The white-throated hummingbird is 10 to 11.5 cm long. Males weigh 5 to 8 g and females about 4.5 g. Adults have a medium length, straight, bill with a blackish maxilla and red mandible with a black tip. Adult males have golden- to bronze-green upperparts. Their uppertail coverts and inner tail feathers are golden-green to brilliant green and the outer tail feathers blackish green with white bands near the end. Their chin feathers are brilliant green with white edges, their throat white, and their cheeks and breast brilliant green to golden-green. The center of their belly is white with golden- to bronze-green sides and flanks. Their undertail coverts are white with some bronze-green to brownish inclusions. Adult females are very similar but duller, less glittery, overall. Juveniles have grayish brown underparts with less white and brownish tips to the tail feathers.

==Distribution and habitat==

The white-throated hummingbird is found in eastern Paraguay, southeastern Brazil from Minas Gerais and Espírito Santo south, Uruguay, and northeastern Argentina. It inhabits semi-open to open landscapes such as the edges of mature forest, marshes, scrublands, parks, and gardens. In elevation it is generally found from near sea level to 1000 m but there are occasional records higher with one at 2100 m.

==Behavior==
===Movement===

The white-throated hummingbird is mostly sedentary but some local dispersal has been noted.

===Feeding===

The white-throated hummingbird forages for nectar at a very wide variety of native and introduced plants. Species from at least 10 families have been documented as sources. Bromeliaceae seem especially favored; examples include Quesnelia testudo and Tillandsia aeranthos. It is known to pollinate Siphocampylus sulfureus. In addition to nectar it feeds on insects captured by hawking from a perch.

===Breeding===

The white-throated hummingbird's breeding season spans from October to March. It makes a cup nest of plant down and moss bound with spiderweb with lichen on the outside. It is typically placed on a horizontal branch of a shrub or small tree.
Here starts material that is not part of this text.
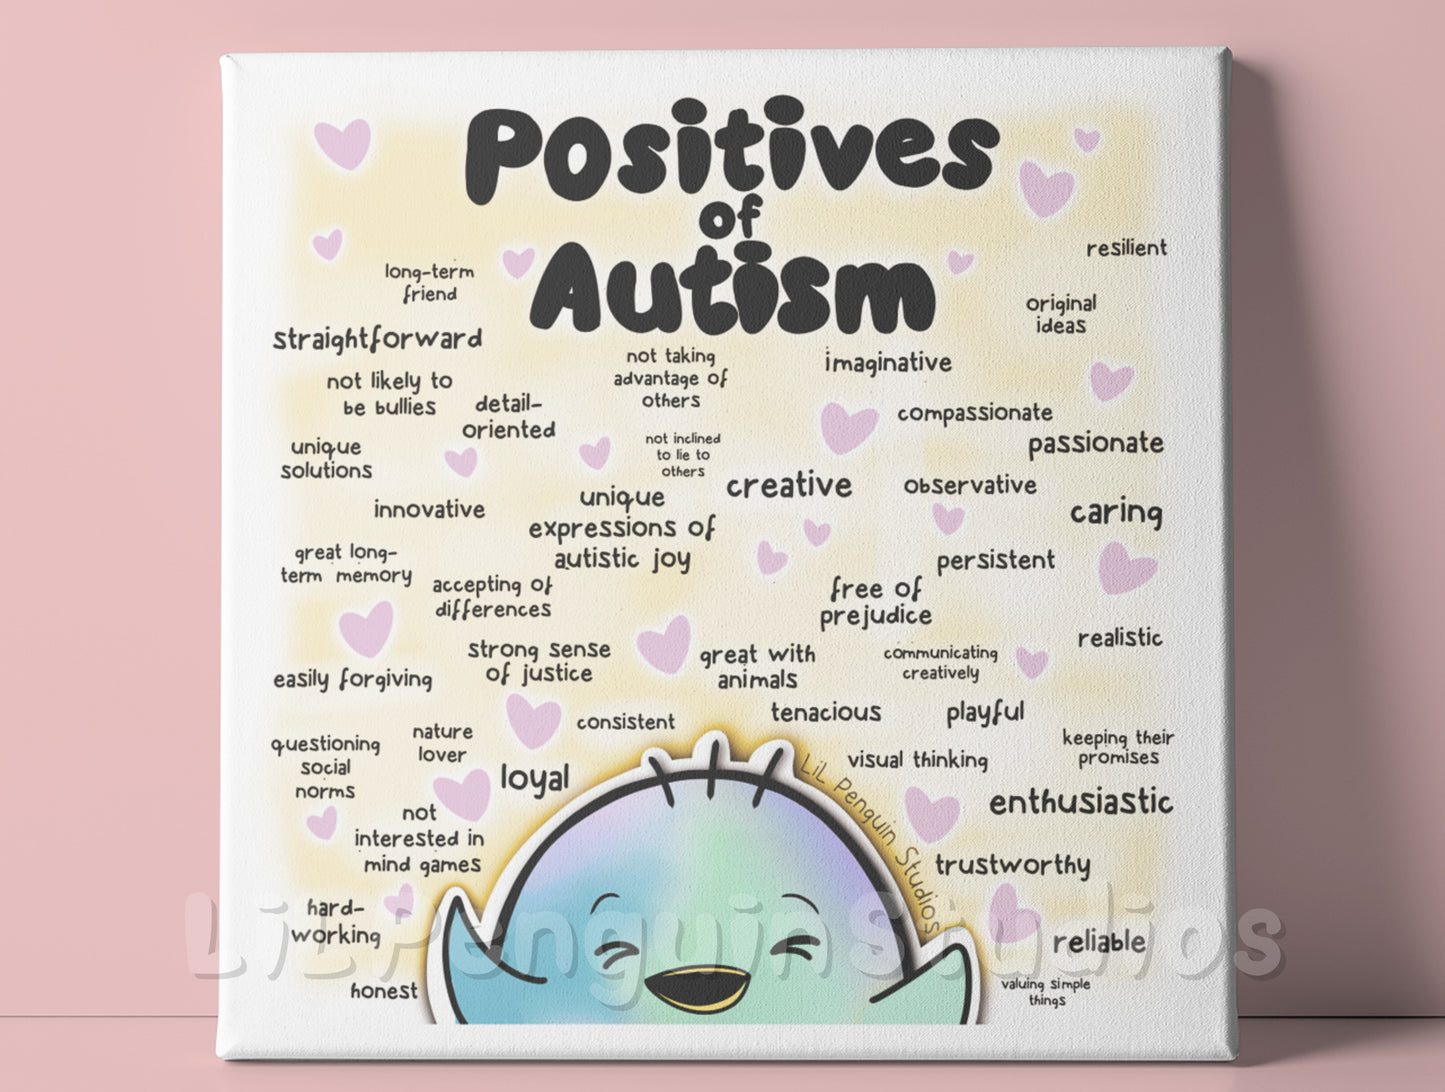 Positives oF Autism poster hand drawn by an autistic artist.

The female incubates the clutch of two eggs for about 14 days and fledging occurs 20 to 25 days after hatch.

===Vocalization===

The white-throated hummingbird's song is "a series of 4–10 high-pitched, buzzy notes, with emphasis on the first, 'bzeeeee-bzee-bzee-bzee-bzee'." It also makes calls described as "dry chips and a high-pitched descending metallic rattle."

==Status==

The IUCN has assessed the white-throated hummingbird as being of Least Concern, though its population size and trend are not known. No immediate threats have been identified. It is considered "especially common" in the southeastern part of its range and "widely adapted to man-made habitats". Its status at the western margin of its range is less well known.